A recent post on Reddit’s r/PromptEngineering shared ten powerful lessons learned from real-world experience. It’s a goldmine for anyone building working with AI and building CustomGPT's or Agents. It is also great fundamental advice.

Key Insights 
  1.  Examples beat instructions. Models learn patterns faster from examples than from detailed written rules.
  2. Treat prompts like code. Use version control, testing, and performance tracking.
  3. Test coverage > prompt polish. Wide evaluation exposes hidden weaknesses better than clever phrasing.
  4. Domain expertise wins. Subject experts write more accurate prompts than general engineers.
  5. Don’t overlook temperature.

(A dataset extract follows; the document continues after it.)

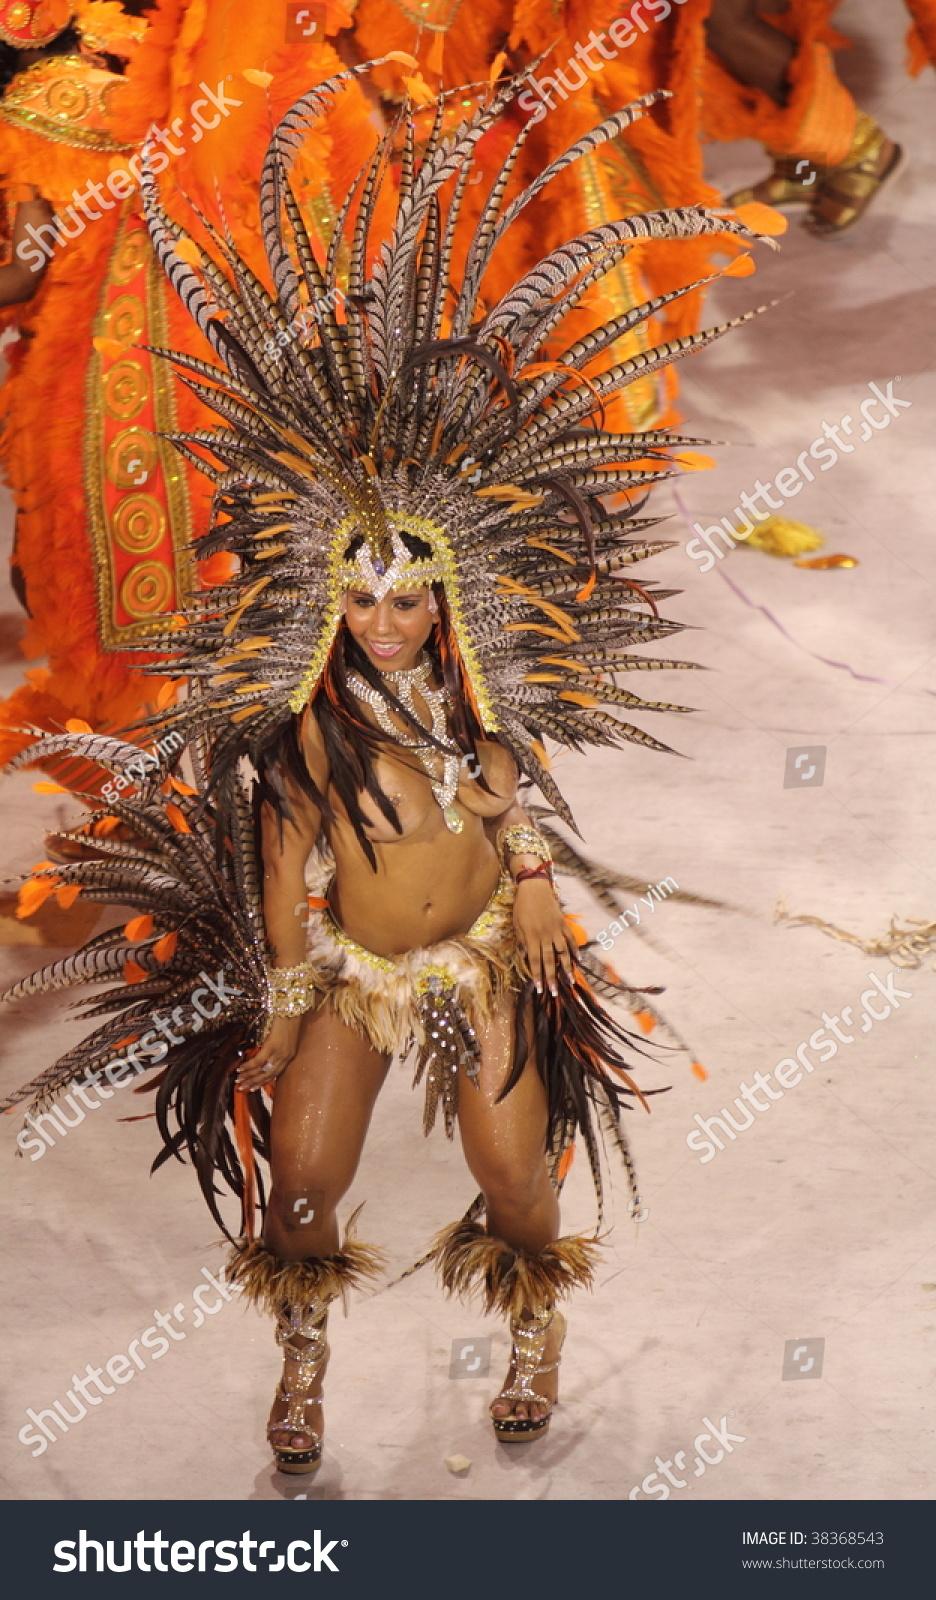 Rio De Janeiro February 22 Naked Stock Photo 38368543 -8749
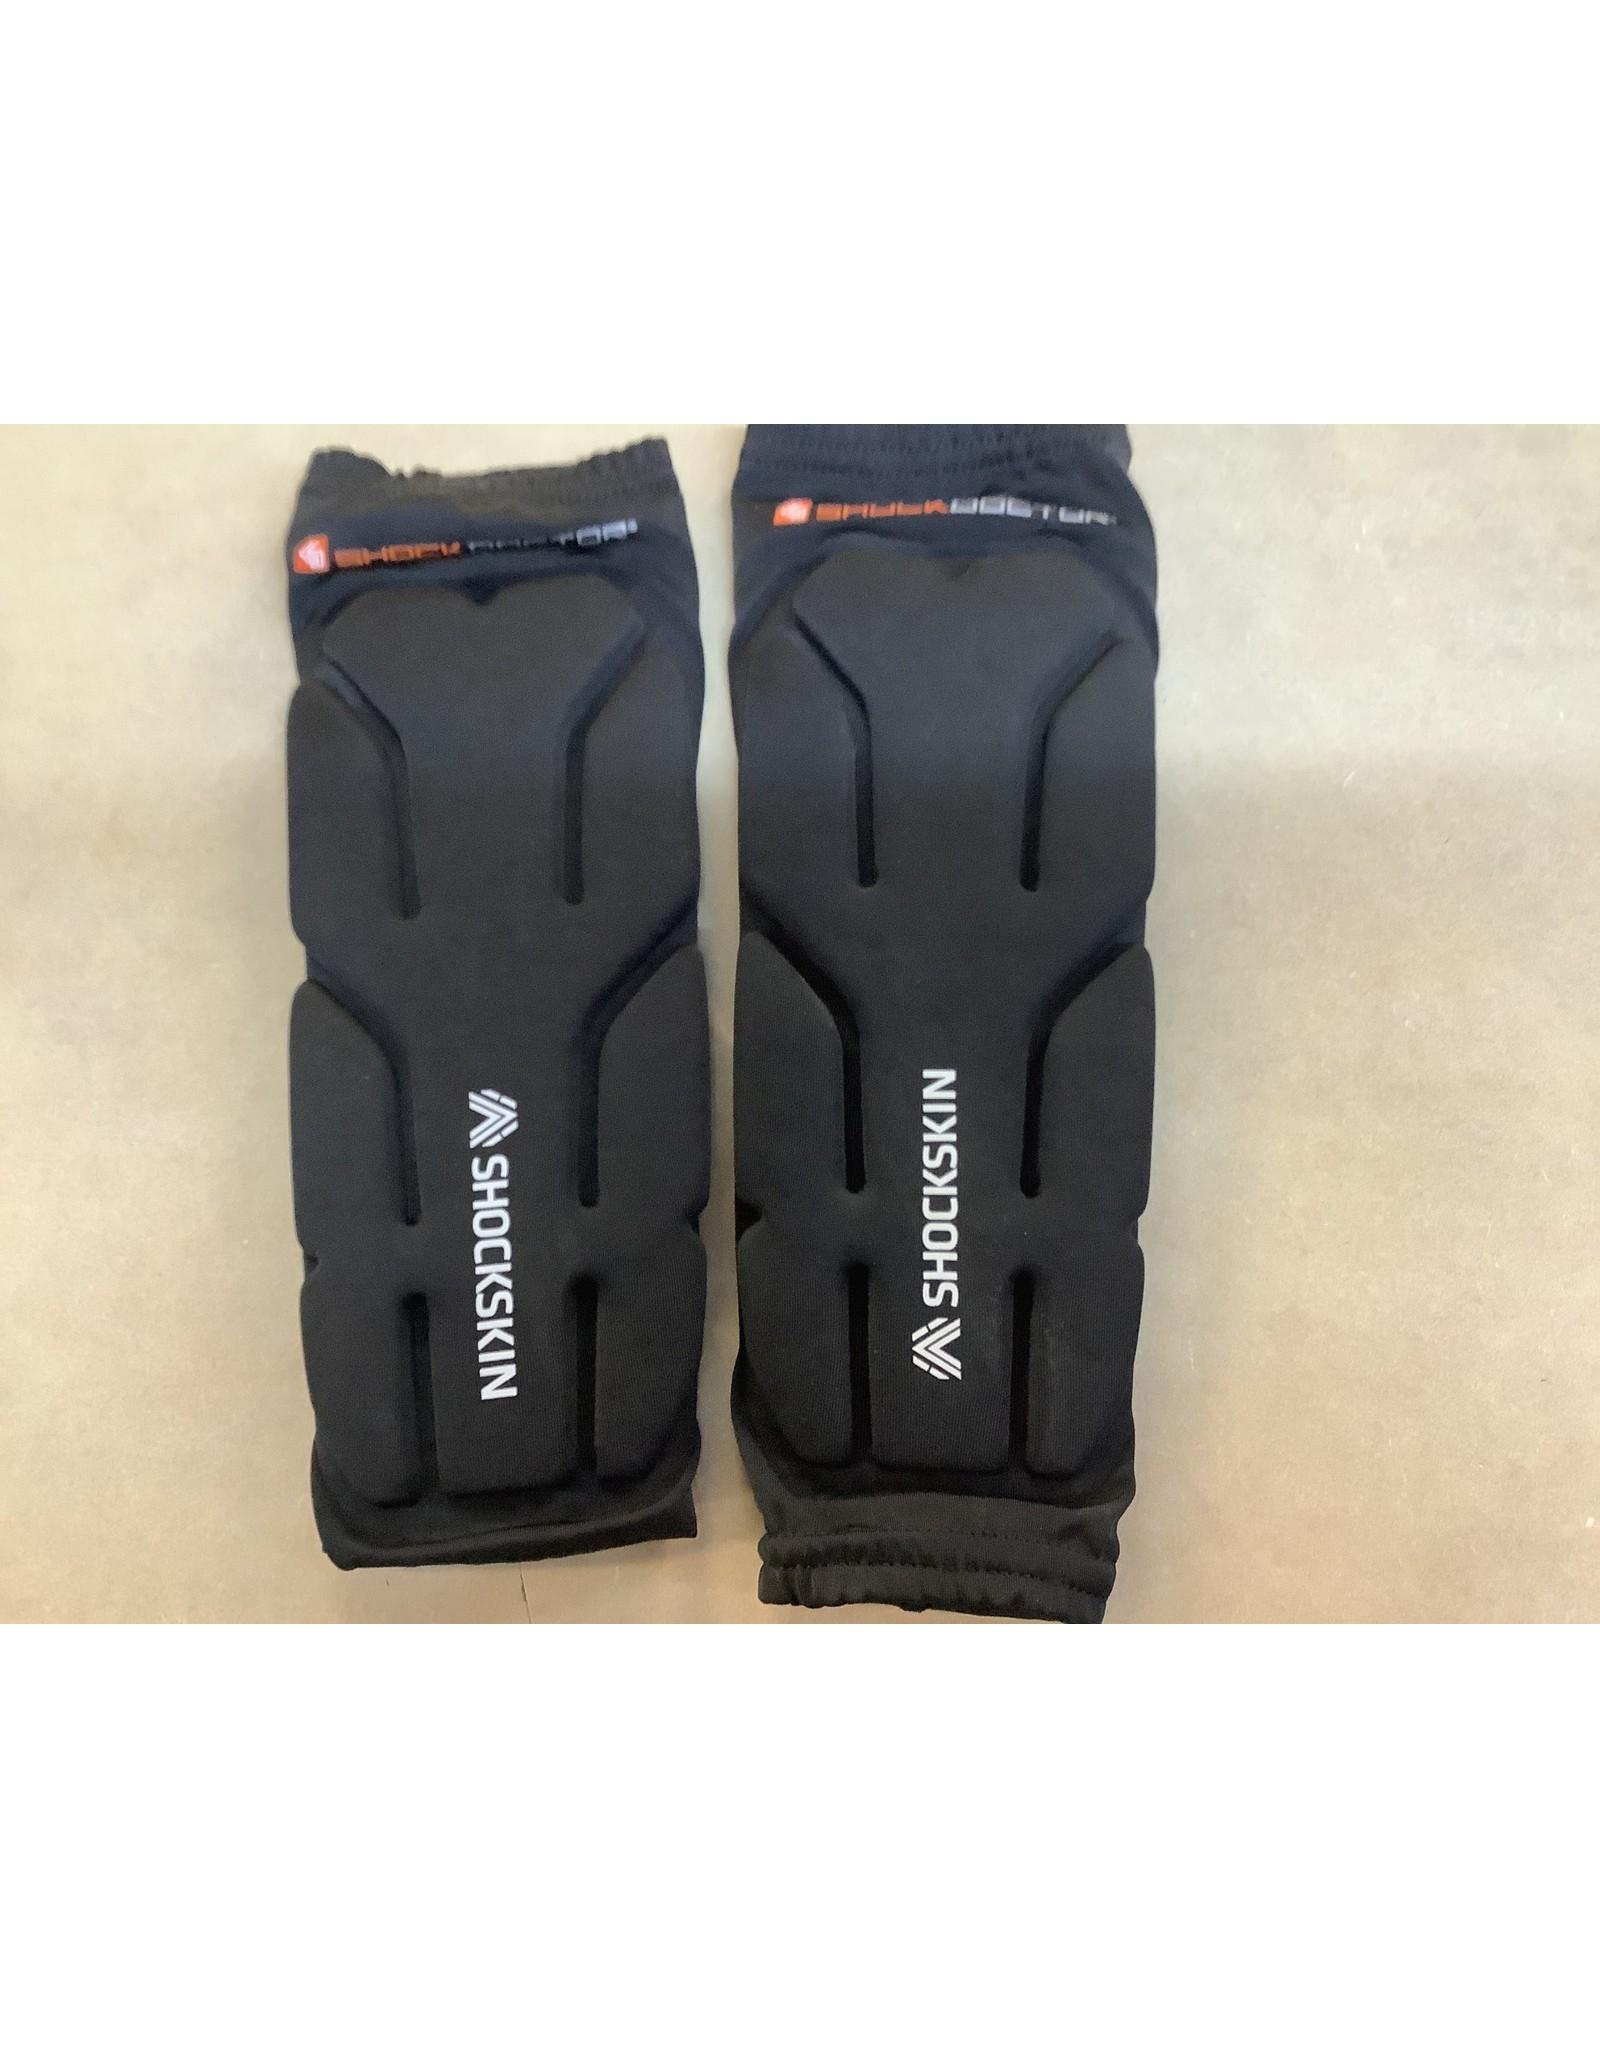 Shock Doctor Shock Skin Forearm Guards - Pair

Small tuning can solve major consistency problems.
  6. Every model is unique. What works for GPT-4o may fail on Claude or Llama.
  7. Keep reasoning simple. Complex “chain-of-thought” prompts don’t always outperform direct instructions.
  8. Use AI to optimize AI. Models can often refine their own prompts effectively.
  9. Strong system prompts matter most. Foundation setup drives most of the output quality.
  10. Plan for prompt injection defense early. Secure prompts before deployment. These insights reflect a maturing field: prompt engineering is evolving from creative experimentation into disciplined software engineering. 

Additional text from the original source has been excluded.